As is apparent from the above description, according to the present invention, in a four-wheel drive vehicle that drives not only the front wheels but also the rear wheels,
Since the basic form of the driving method is a transaxle type, the weight distribution in the vehicle front-rear direction can be made appropriate. Further, in the case where the engine is arranged in the so-called engine room, the size of the front end portion of the tunnel portion formed on the passenger compartment floor can be made small.

[Brief description of drawings]

FIG. 1 is a plan view of a drive system of a vehicle according to a first embodiment as viewed from above.

FIG. 2 is a side view of a vehicle on which the drive system shown in FIG. 1 is mounted as seen from the side.

FIG. 3 is a plan view of a drive system of a vehicle according to a second embodiment as viewed from above.

FIG. 4 is a side view of a vehicle equipped with the drive system shown in FIG. 3 as viewed from the side.

FIG. 5 is a table showing a control example of a dog clutch provided in a drive system according to a second embodiment.

FIG. 6 is a diagram of a drive system of a vehicle according to a third embodiment as viewed from above.

FIG. 7 is a diagram of the drive system of the vehicle according to the embodiment in FIG. 4 viewed from above.

[Explanation of symbols]

2 engine room 3 luggage room 4 vehicle compartment 12 front wheels 13 rear wheels 15 engine 16 front wheel differential gear 17 torque converter 17a torque converter output shaft 18 transmission 18a mission shaft 19 center differential gear 20 drive unit 21 rear wheel differential gear 34 fourth 1 Propeller shaft 45 Second propeller shaft 51 Gear train 60 Auxiliary gear 62 First mesh clutch 63 interposed between first propeller shaft and auxiliary gear 63 Second mesh clutch 64 Third mesh clutch (ON of center differential gear) / For OFF control) 65 4th dog clutch

Claims (6)

[Claims] 1. A front wheel drive mechanism connected to the left and right front wheels, a rear wheel drive mechanism connected to the left and right rear wheels, and a rear wheel arranged in a region sandwiched by the left and right rear wheels.
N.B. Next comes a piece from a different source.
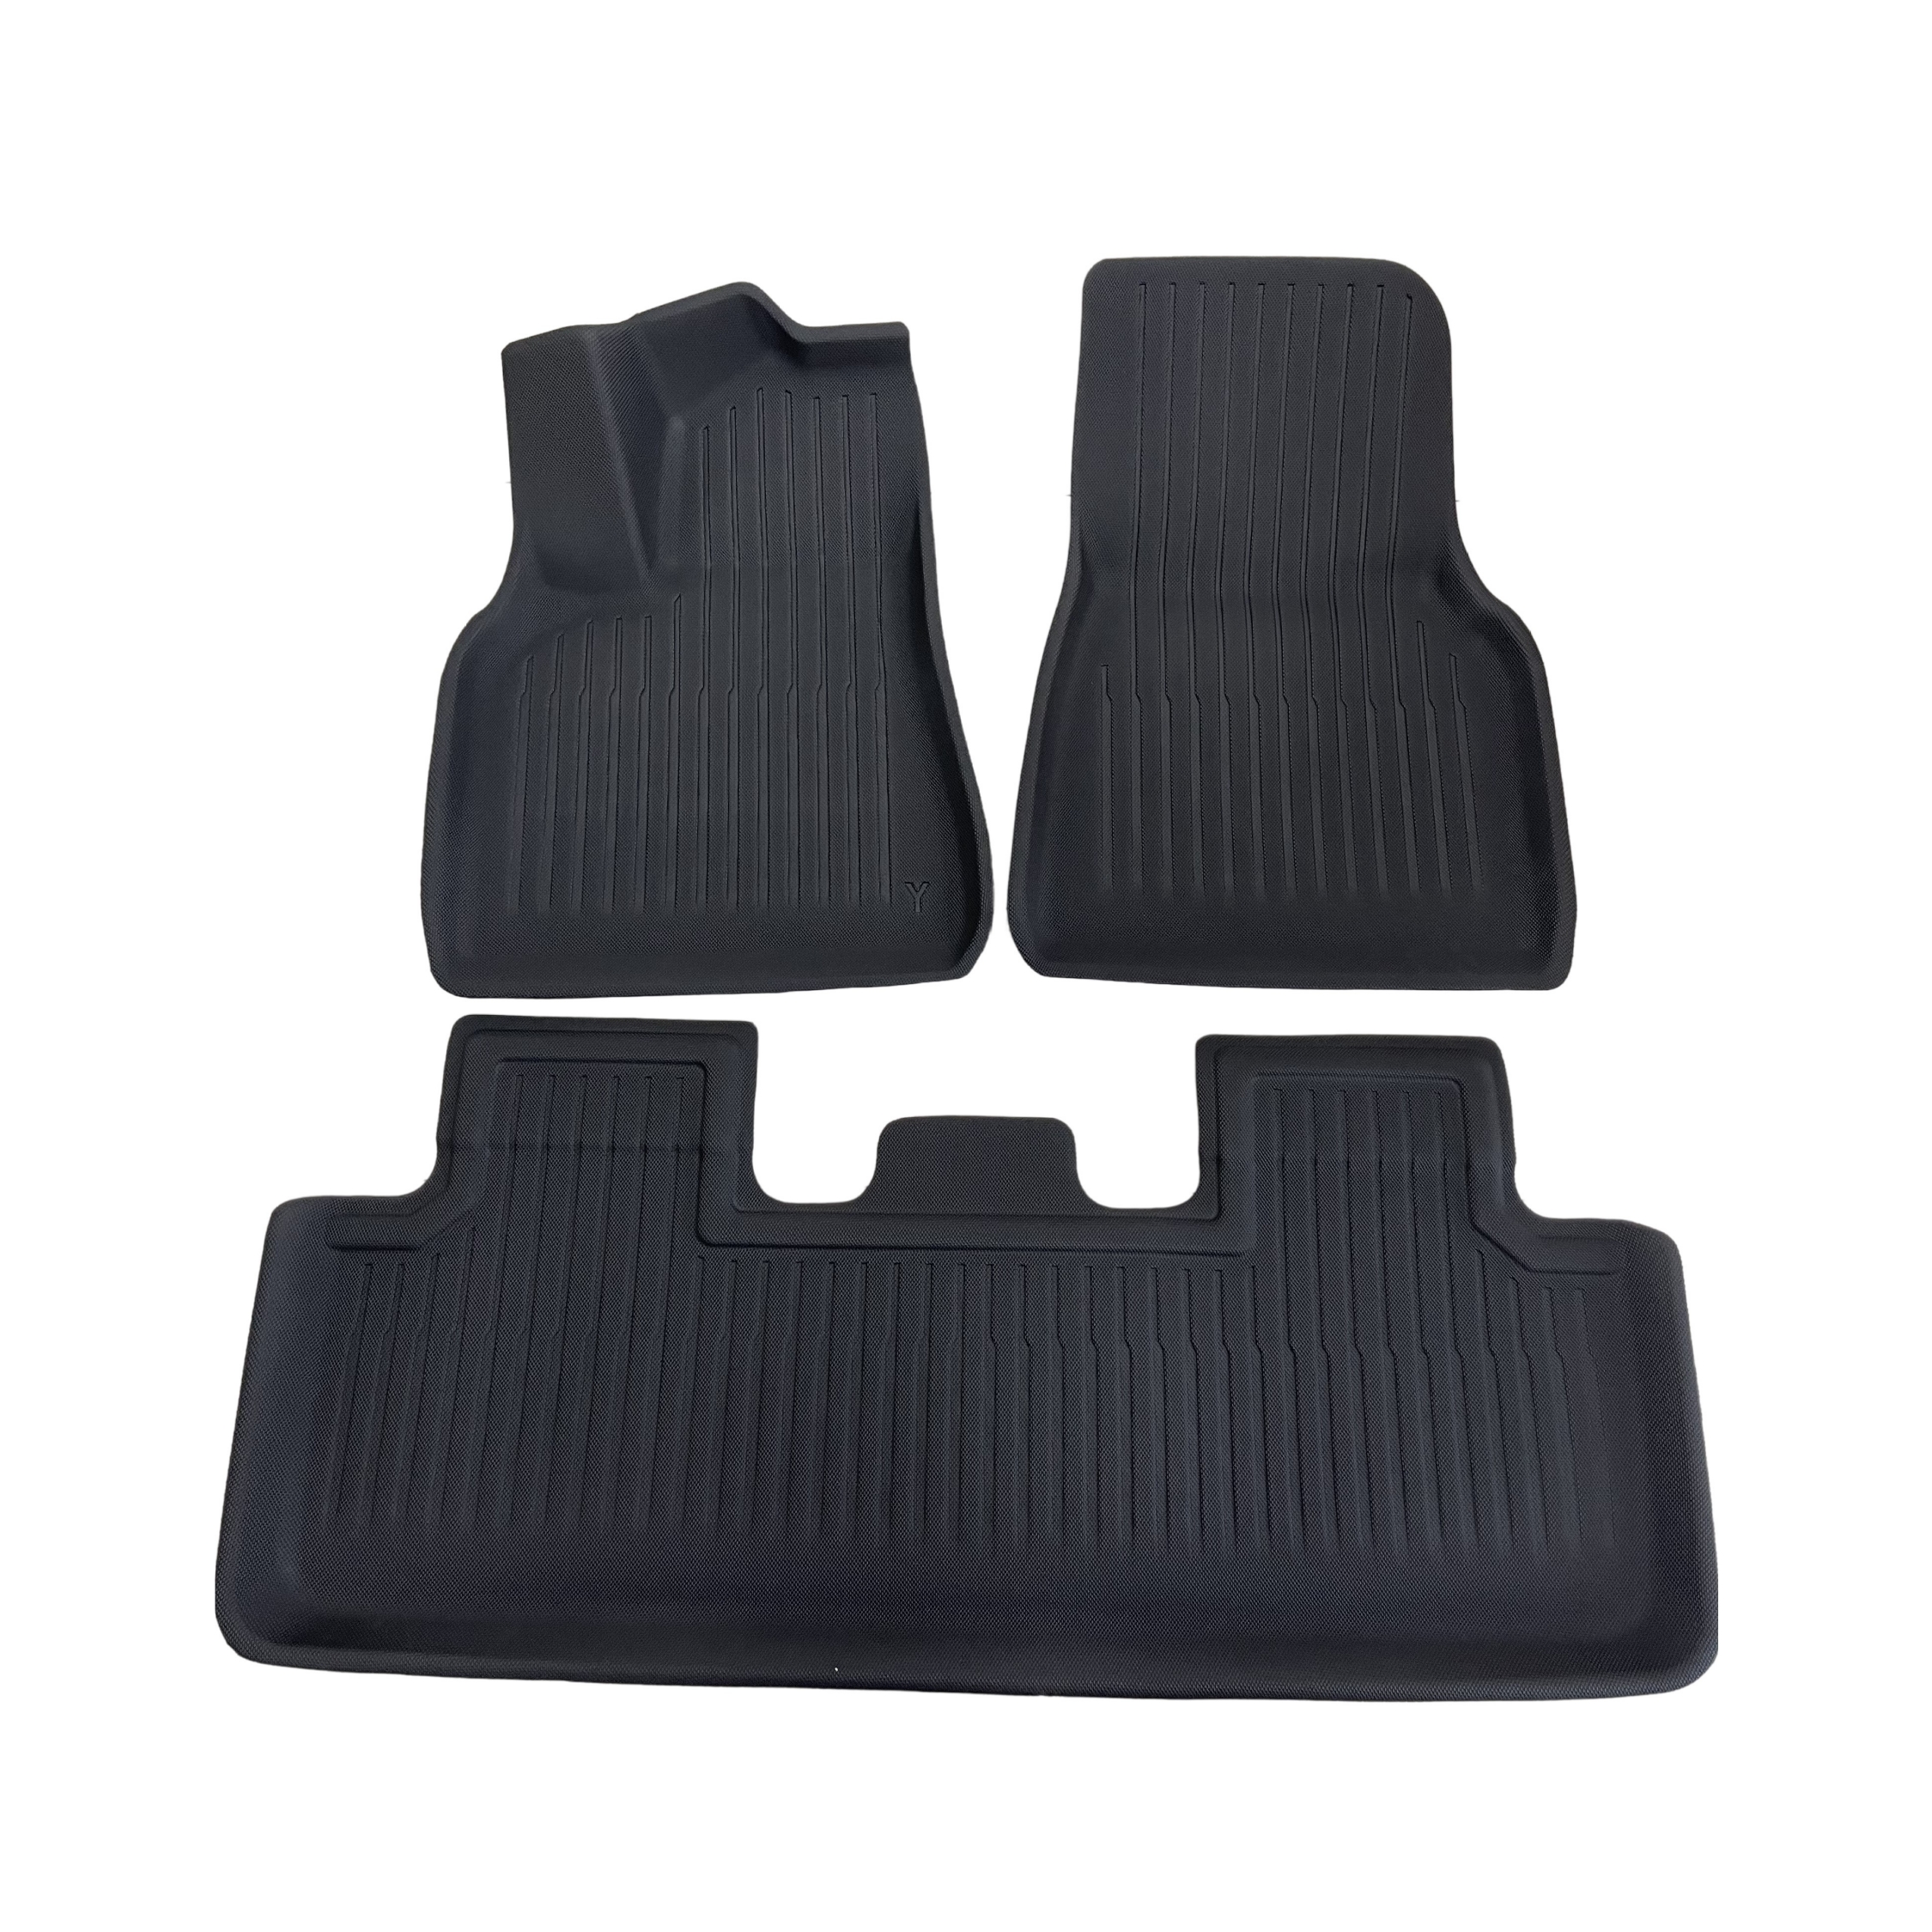 Protect Your Car's Interior with Customizable Floor Mats
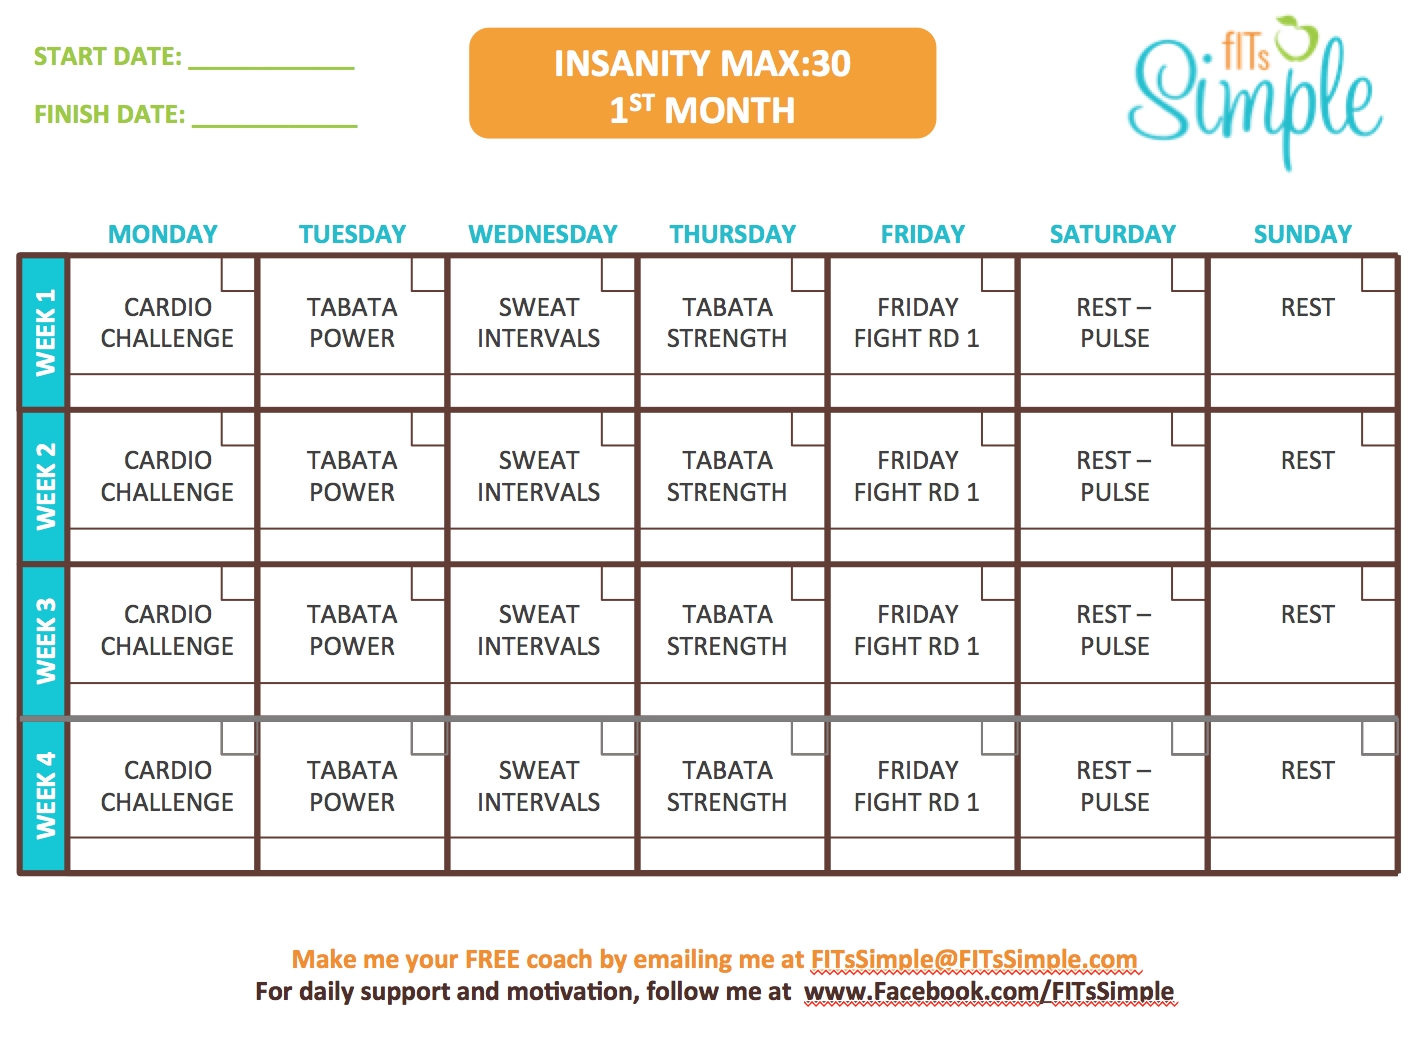 Insanity Max 30 Workout Calendar - Free Download!! | Workout Impressive Insanity Max 30 Printable Calendar

A transmission coupled to the vehicle drive mechanism, an engine disposed in front of the transmission, a first propeller shaft extending in the vehicle front-rear direction and transmitting the output of the engine to the transmission, and extending in the vehicle front-rear direction, A second propeller shaft that transmits the output of the transmission to the front-wheel drive mechanism, the drive device for a vehicle. 2. The vehicle according to claim 1, wherein either one of the first and second propeller shafts is a hollow shaft, and the other propeller shaft is arranged in the hollow shaft. Drive. 3. The first propeller shaft and the second propeller shaft
The drive system for a vehicle according to claim 1, wherein the propeller shaft of the vehicle extends in parallel. 4. The vehicle drive device according to claim 1, wherein the transmission is arranged with its transmission shaft oriented in the vehicle width direction. 5. A clutch for disconnecting power transmission from the first propeller shaft to the transmission when a speed ratio generated by the transmission is set to "1", and an output of the engine The drive device for a vehicle according to claim 3, further comprising a power transmission mechanism that directly transmits to the second propeller shaft without passing through a transmission. 6. A power transmission mechanism that transmits the output of the engine to the front wheel drive mechanism without passing through the transmission, and a speed ratio generated by the transmission that is interposed in the power transmission mechanism. A first clutch that is connected when set to "1" and allows power transmission to the front wheel drive mechanism; and a transmission that is generated when the speed ratio generated by the transmission is set to "1". The second
The vehicle drive device according to claim 3, further comprising a second clutch that disconnects power transmission to the propeller shaft.